PyInstaller 2.0 is working properly. There was a bug in 1.5, that was
fixed in 2.0. The motivation was to allow running apps created by
pyinstaller from another app created by pyinstaller.

Let me explain how pyinstaller works:
- frozen app is run as two processes
1st sets up environment (overrides LD_LIBRARY_PATH etc.)
2nd runs python code
- when you use execv or similar, you are running 1st process
that again overrides LD_LIBRARY_PATH. And then 2nd process is
started again.

What you probably need is to start just the 2nd process again. It won't
work this way. You should try different approach. Probably os.for()
could do what you need:
-----------

import os, sys

my_lib_path = '/path/to/my/lib'
ld_lib_path = os.environ.get('LD_LIBRARY_PATH')

print '\nBefore:', ld_lib_path
if ld_lib_path is None:
os.environ[ 'LD_LIBRARY_PATH' ] = my_lib_path
print 'Forking...'
elif my_lib_path not in os.environ[ 'LD_LIBRARY_PATH' ]:
os.environ[ 'LD_LIBRARY_PATH' ] += os.pathsep + my_lib_path
print 'Forking...'

pid = os.fork()

if pid:
# Wait for child process.
os.waitpid(pid, 0)
else:
# Child code.

SK

unread,
Oct 11, 2012, 2:33:30 PM10/11/12
to pyins...@googlegroups.com
Martin,

Thanks for the clarification and the ideas. I tried it but, as I expected, the os.fork approach will not work to affect the dynamic library search path even though the LD_LIBRARY_PATH change is inherited as expected. The dynamic loader sets the search path at application startup so the execv trick works but os.fork will not.

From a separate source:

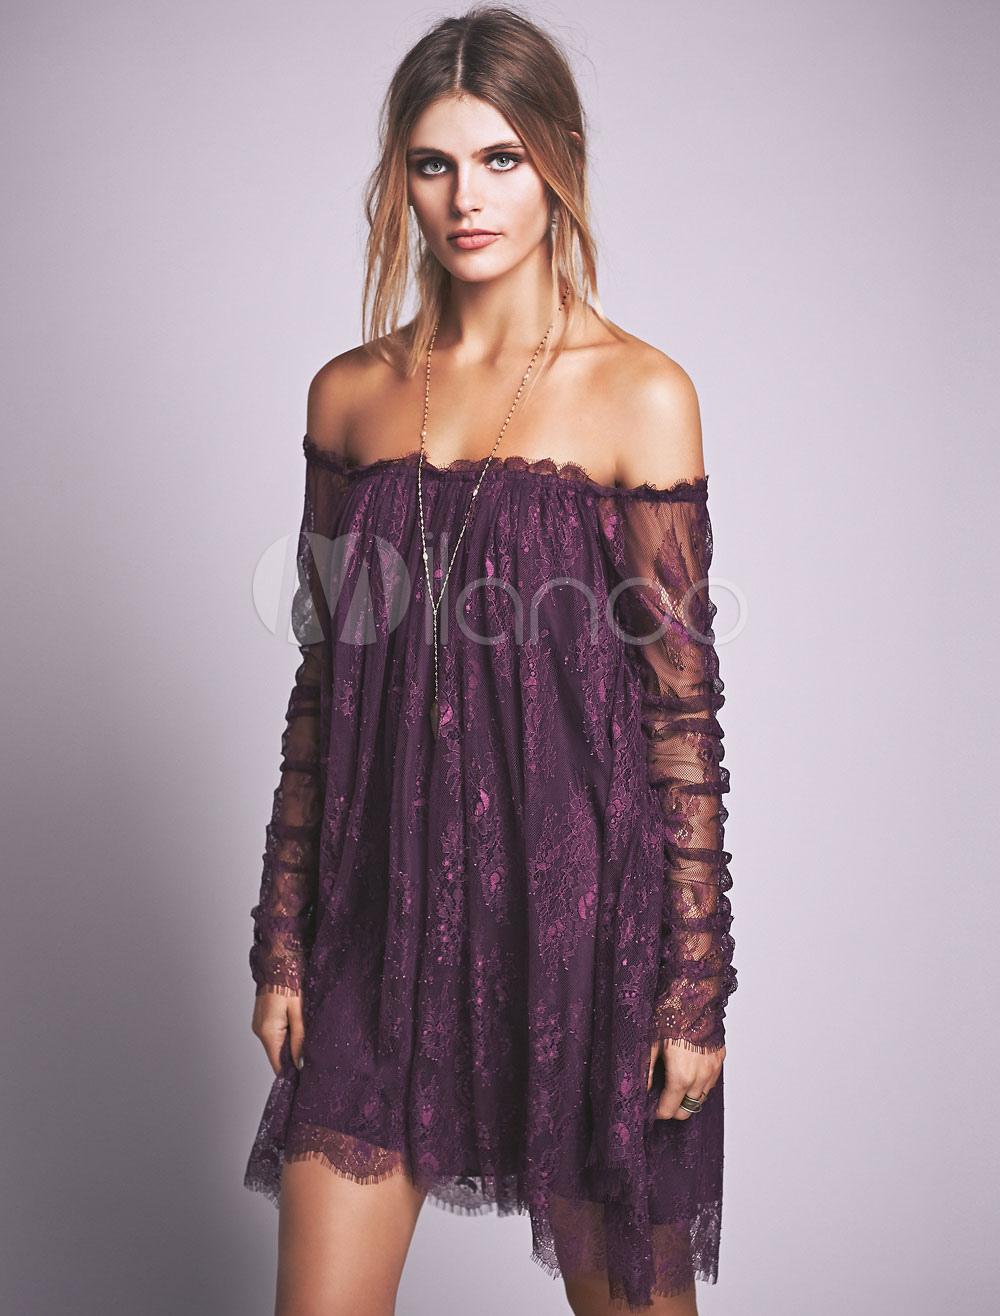 Lilac Lace Dress Off The Shoulder Long Sleeve Semi-Sheer Irregular Short Dress (Women\\'s Clothing Lace Dresses) photo

This capability is important for some Python uses and you can find many discussions of it (e.g., http://stackoverflow.com/questions/856116/changing-ld-library-path-at-runtime-for-ctypes). The alternatives and work-arounds, such as using a wrapper script, are all problematic and inferior. If we can't find another way to accomplish this then these applications can't use PyInstaller 2.0 and this is a limitation that should be documented and, ideally, fixed. I understand that the change from PyInstaller 1.5 adds a capability but it has also broken something important.

Would it be possible to achieve both capabilities? Why can't the first process pass on the LD_LIBRARY_PATH with necessary additions to the second process? This doesn't immediately seem like a problem but I don't know much about PyInstaller internals. Thoughts?

Martin Zibricky

unread,
Oct 11, 2012, 3:07:59 PM10/11/12
to pyins...@googlegroups.com
SK píše v Čt 11. 10. 2012 v 11:33 -0700:
> Would it be possible to achieve both capabilities? Why can't the first
> process pass on the LD_LIBRARY_PATH with necessary additions to the
> second process?

I think it is not possible without breaking other more important stuff.

The issue is how should the 1st process know about the additions to
LD_LIBRARY_PATH? The 1st process knows nothing about python, it just
prepares LD_LIBRARY_PATH for python and the frozen code.

The reason to set LD_LIBRARY_PATH is to ensure frozen executable will
work even in case it is overriden on user's machine.

> This doesn't immediately seem like a problem but I don't know much
> about PyInstaller internals. Thoughts?

What is your usecase? Probably a different solution could be found.

This link
http://stackoverflow.com/questions/856116/changing-ld-library-path-at-runtime-for-ctypes
mentioned patchelf, it could work for you.

http://nixos.org/patchelf.html


SK

unread,
Oct 11, 2012, 5:27:09 PM10/11/12
to pyins...@googlegroups.com
The use case is user-generated "plugin" libraries that have to be found at runtime
to get loaded instead of the "stub" libraries shipped with the application. You can't
know where they will be located ahead of time and it is not acceptable or multi-user
safe to modify the binaries' dynamic loading paths.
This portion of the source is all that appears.